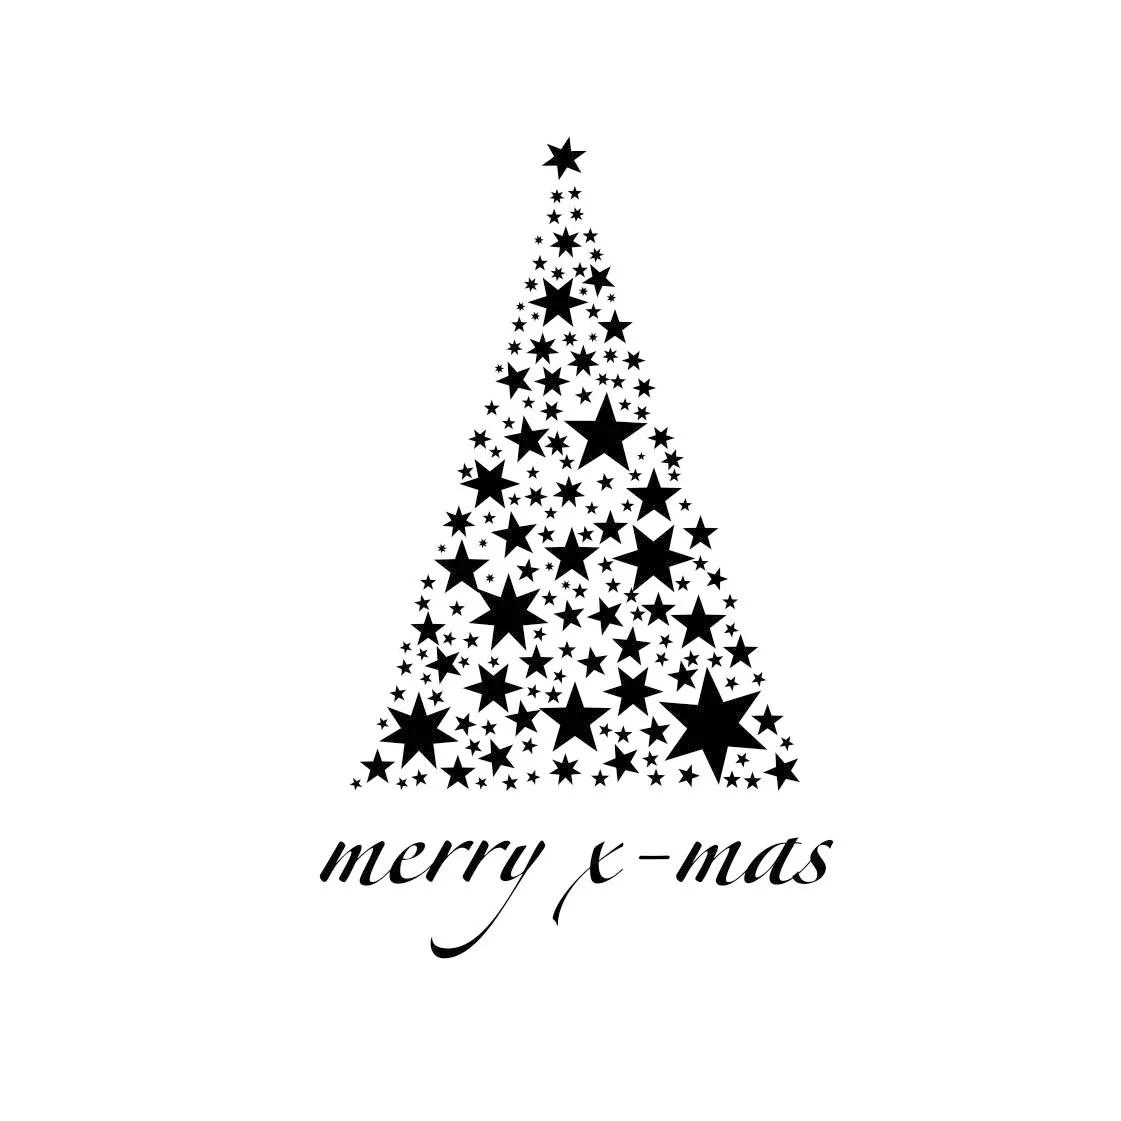 Christmas Tree X Mas Star Graphics Svg Dxf Eps Cdr Ai
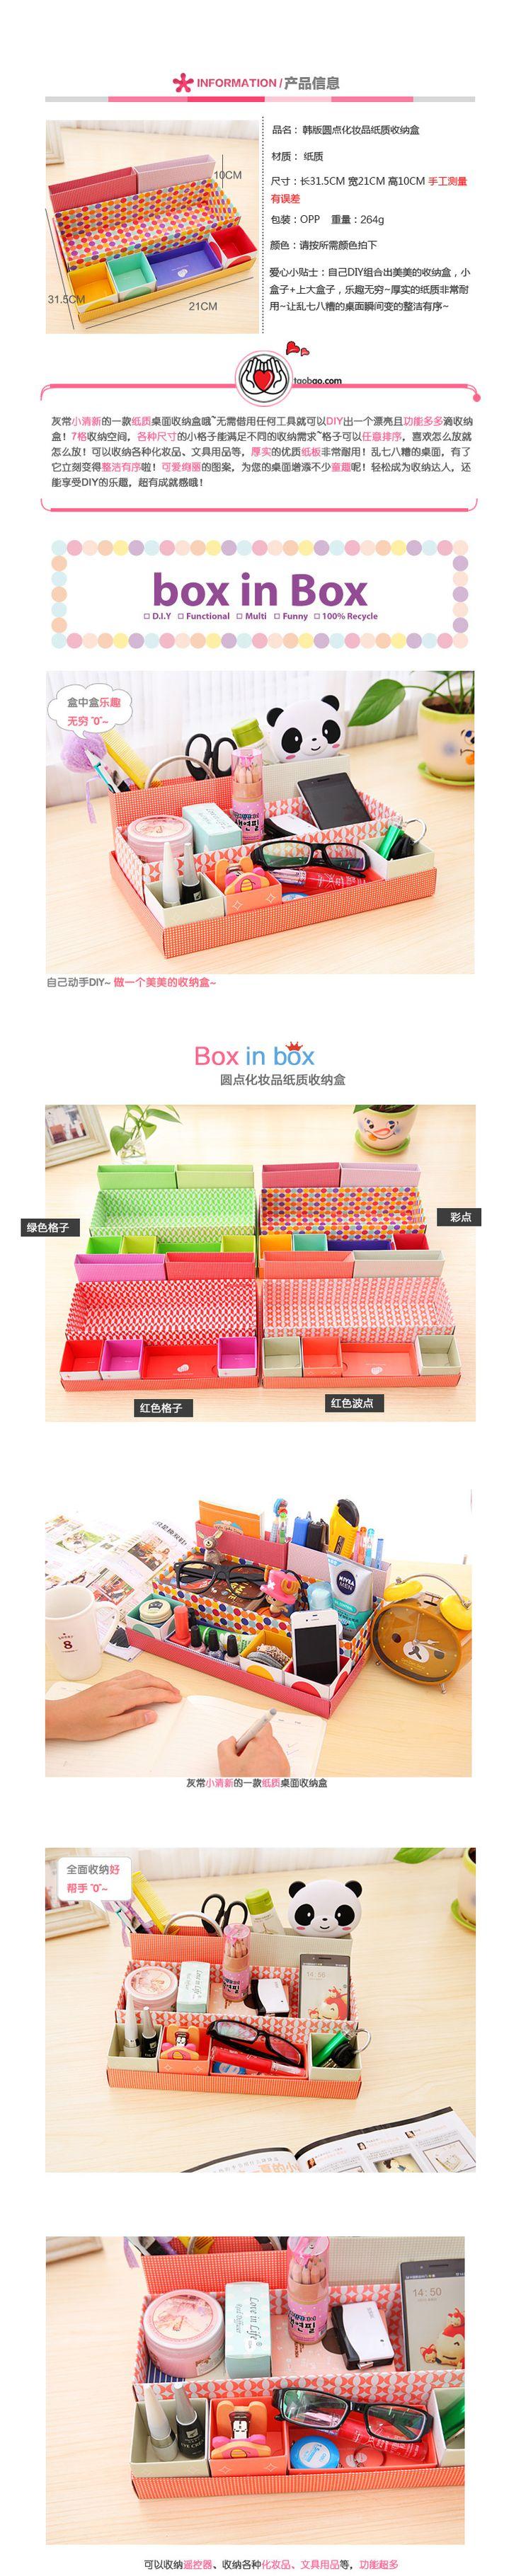 Oltre 25 fantastiche idee su scatole di carta su pinterest for Stelle di carta tridimensionali
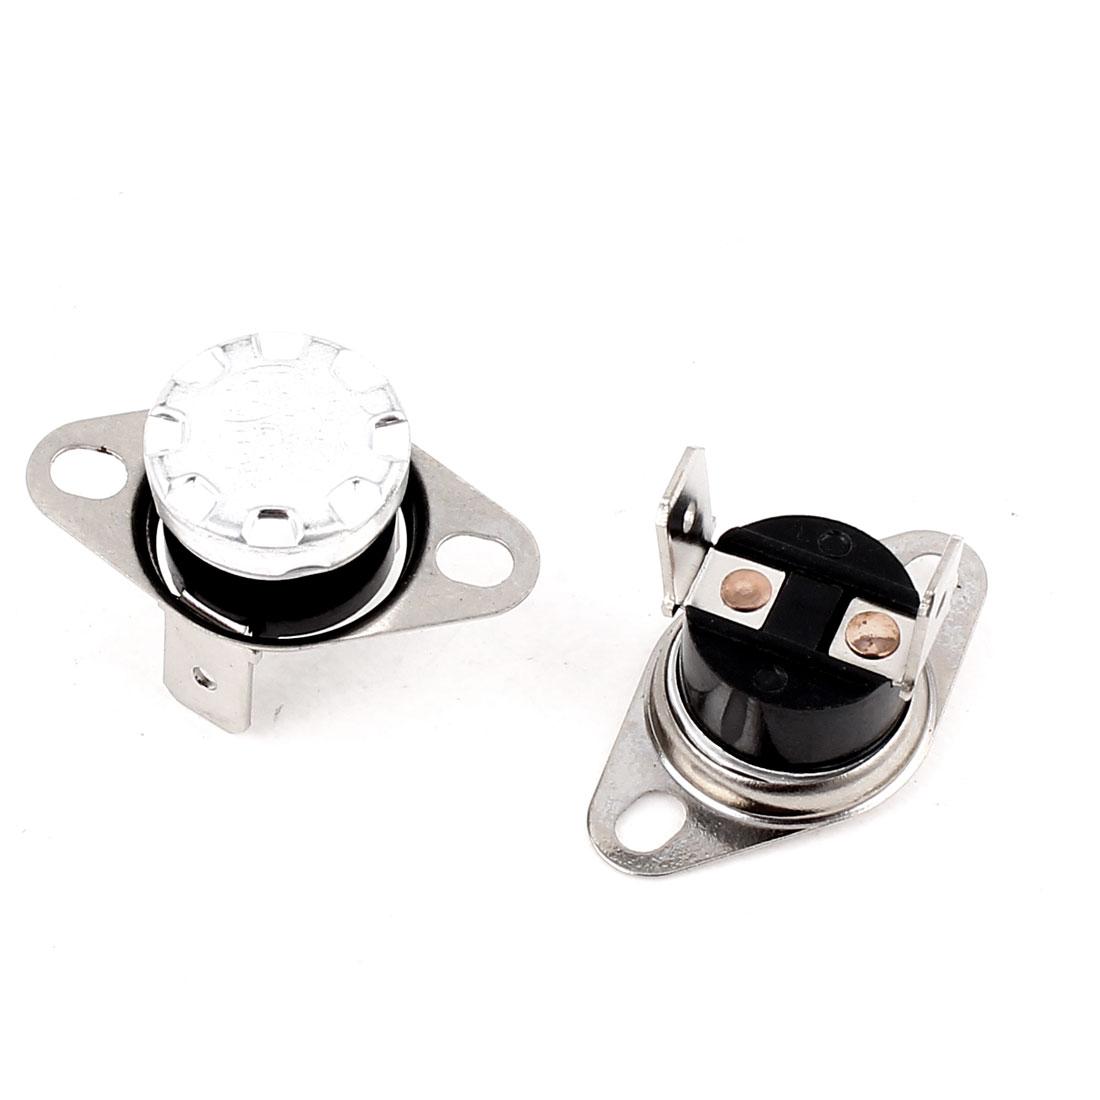 2 Pcs KSD302 Temperature Control Switch Thermostats 250VAC 10A 155 Celsius N.C.
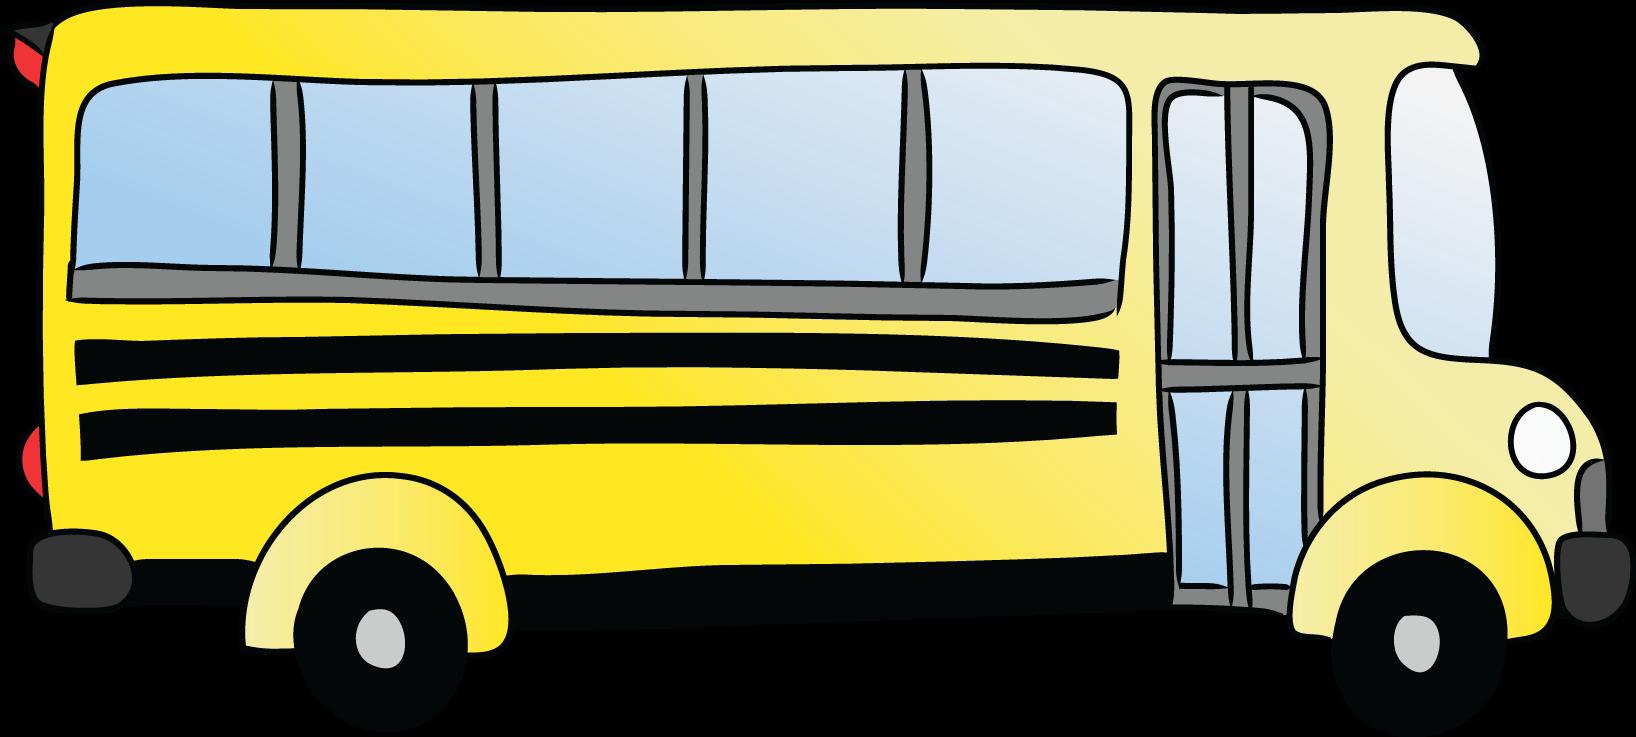 1636x737 School Bus Clipart Images 3 School Clip Art Vector 4 Clipartix 3

What is required: Only the pictures are to be left out; print everything else in the listing exactly.

Response:
 Christmas Tree X Mas Star Graphics Svg Dxf Eps Cdr Ai
 Oltre 25 fantastiche idee su scatole di carta su pinterest for Stelle di carta tridimensionali
 2 Pcs KSD302 Temperature Control Switch Thermostats 250VAC 10A 155 Celsius N.C.
 1636x737 School Bus Clipart Images 3 School Clip Art Vector 4 Clipartix 3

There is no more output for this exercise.